Ook dit woord werd wel eens verkeerd begrepen. Met een beroep op deze dichtregel ,,ik heb het zelf uit Zijn mond gehoord" zegt men dan: eerder heb ook ik geen rust, voordat God persoonlijk in mijn hart gesproken heeft. Maar dan verliest men uit het oog, dat de Heere ons een voltooide Godsopenbaring geschonken heeft in de Schriften. De Heilige Geest werkt door middel van het woord, het evangelie, de belofte van het evangelie. En nu kan de Heilige Geest een woord uit de Schrift met kracht op ons hart binden. Maar dit mogen we niet stellen als een voorwaarde voor de zekerheid des heils bij iedereen. De gewone regel is, dat de Heilige Geest ons leert ons in het geloof vast te klemmen aan heel Gods belofte-woord. Dat schenkt de vastheid:

,,Woord waarop wij bouwen,
waar wij op vertrouwen,
evangeliewoord".

Dat vertrouwen is er niet aanstonds. Het leeft ook niet altijd even sterk. Het geloofsleven is een groei-proces. In de Dordtse leerregels hebben onze vaderen het over degenen, die het levend geloof in Christus, of het zeker vertrouwen des harten, de vrede der conscientie, de roem in God door Christus, nog niet krachtiglijk in zich gevoelen. En dan geven zij als medicijn aan: vlijtig voortgaan in het gebruik der middelen, naar de tijd van overvloediger genade vuriglijk verlangen".
Van grote betekenis dan ook voor de zekerheid des geloofs is het biddend onderzoeken van Gods woord en het gebruik der sacramenten. Vooral het sacrament van het heilig avondmaal is een machtig middel in Gods hand om ons te leren zien op Jezus en te geloven in de belofte, dat we aan de enige offerande van Christus, aan het kruis volbracht, deel hebben. De avondmaalsviering wil ons opwekken, dat we ons met ons bezwaarde hart hoe langer hoe meer aan Zijn lieve zoon Jezus Christus overgeven. Aan die dis leren wij het anker der hoop uitwerpen in de diepzee van Gods beloften.
Men heeft voor de zekerheid des geloofs ook wel eens gewezen op de sterkende kracht van het lied, en het lezen van goede stichtelijke lektuur. Inderdaad behoort dat mee tot de middelen, waarvan de Heilige Geest zich bedienen wil om ons te sterken in het geloof. Maar 't allervoornaamste blijft, dat wij persoonlijk de ontmoeting zoeken met de levende Christus. Tot Nathanael sprak eens Filippus: ..,Kom en zie". Dat blijft de rechtstreekse, koninklijke weg.
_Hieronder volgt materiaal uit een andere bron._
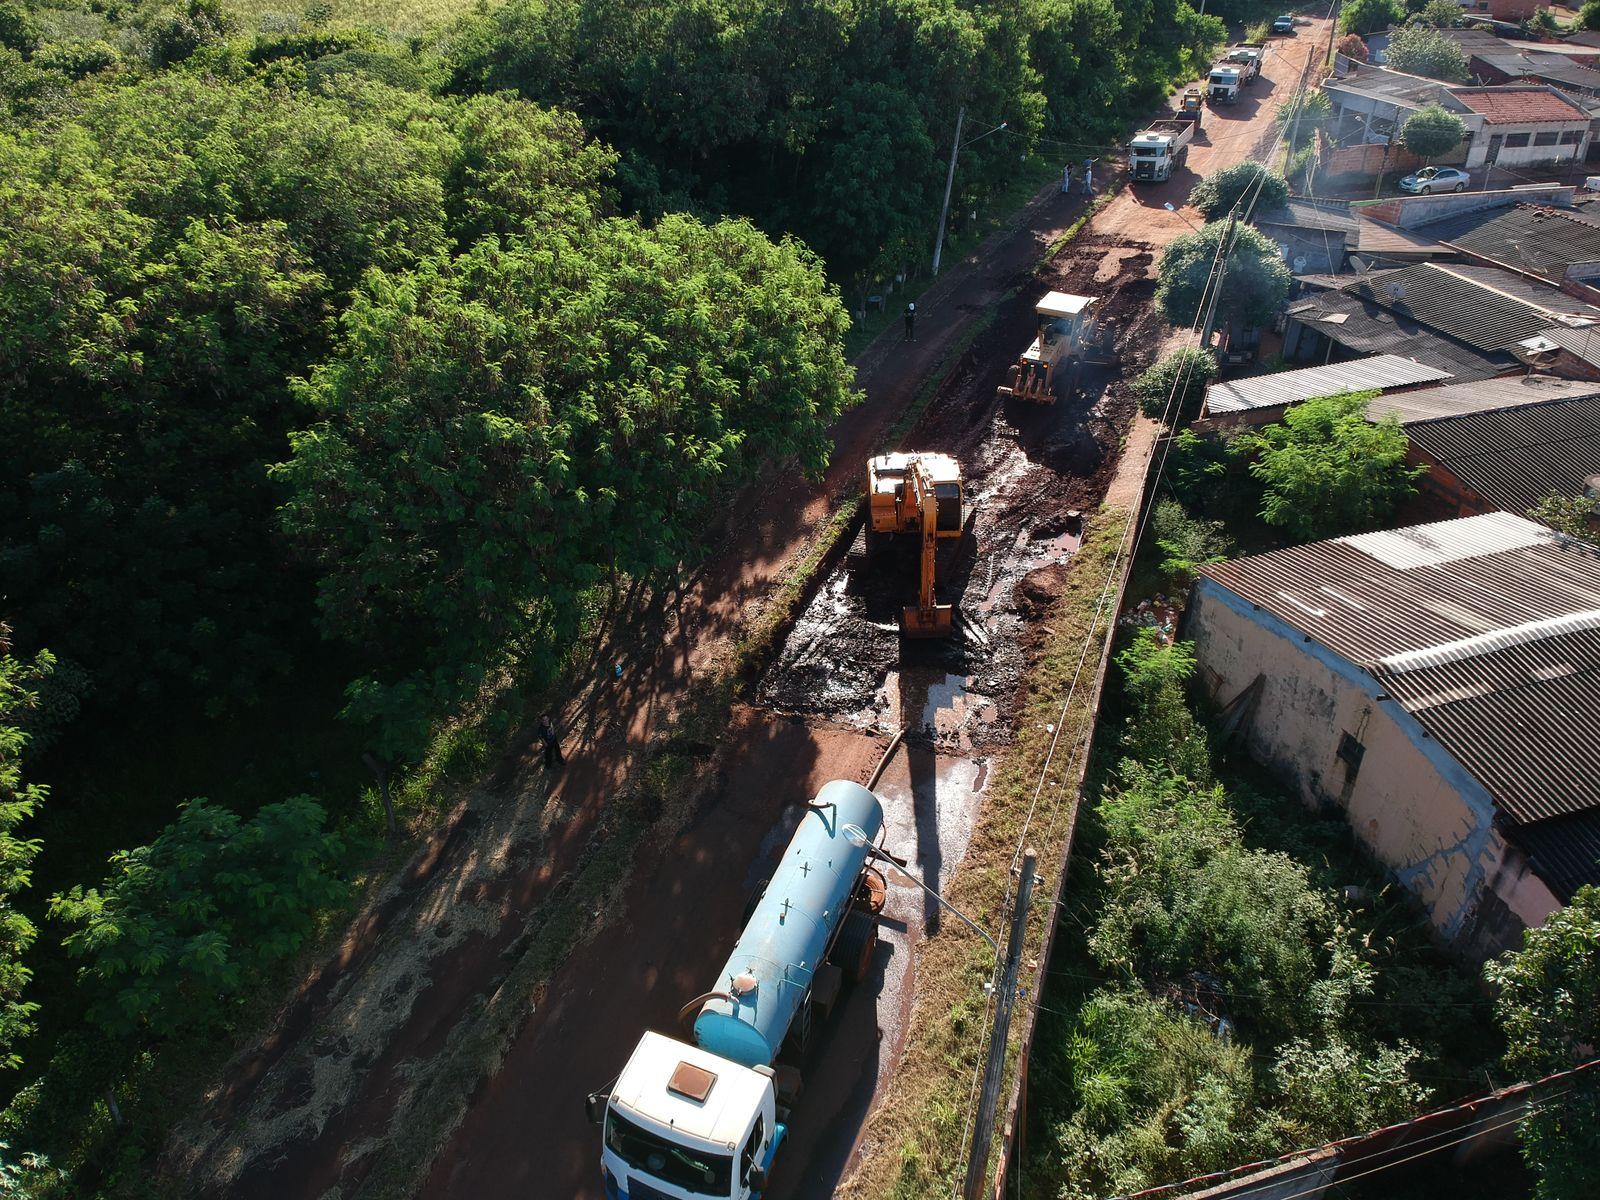 Prefeitura de Dourados inicia obra de recuperação da Via Parque no bairro Cachoeirinha

Wie tot hem komt en gelovig ziet op wat Hij is en schenkt, zal via deze geloofsontmoeting komen tot de blijde geloofsjubel: „Mijn Heer en mijn God".
Dat betekent niet, dat we nu boven alle strijd uitgetild zijn en geen enkele vertwijfeling meer overhouden, 't Leven blijft een strijdperk en satan houdt niet op ons aan te vechten. Tot onze dood toe zullen we de grote les moeten leren: ,,De rechtvaardige zal uit het geloof leven". Let wel, niet uit het gevoel, zelfs niet uit de bevinding, hoe noodzakelijk die ook is. Maar uit het geloof in Gods beloften. Alleen steunend op de staf van Gods beloften zullen we het einde van de pelgrimsreis bereiken, de doodsrivier doorwaden, gelijk Bunjan tekent in zijn pelgrimsreis. Hopende bemoedigde christen met de woorden: hoop op Zijn woord.
Zo leren we leven en eenmaal sterven in de blijde geloofszekerheid „Want ik ben verzekerd, dat noch dood noch leven .. . En dan krijgt God al de eer. Dan stemmen we in met David: „Ik roem in God, ik prijs het onfeilbare woord".

Zalig hij,
wiens harte Gij
met een onverwrikt vertrouwen
leert op God te bouwen".

Dit artikel werd u aangeboden door: De Wekker

Deze tekst is geautomatiseerd gemaakt en kan nog fouten bevatten. Digibron werkt voortdurend aan correctie. Klik voor het origineel door naar de pdf. Voor opmerkingen, vragen, informatie: contact.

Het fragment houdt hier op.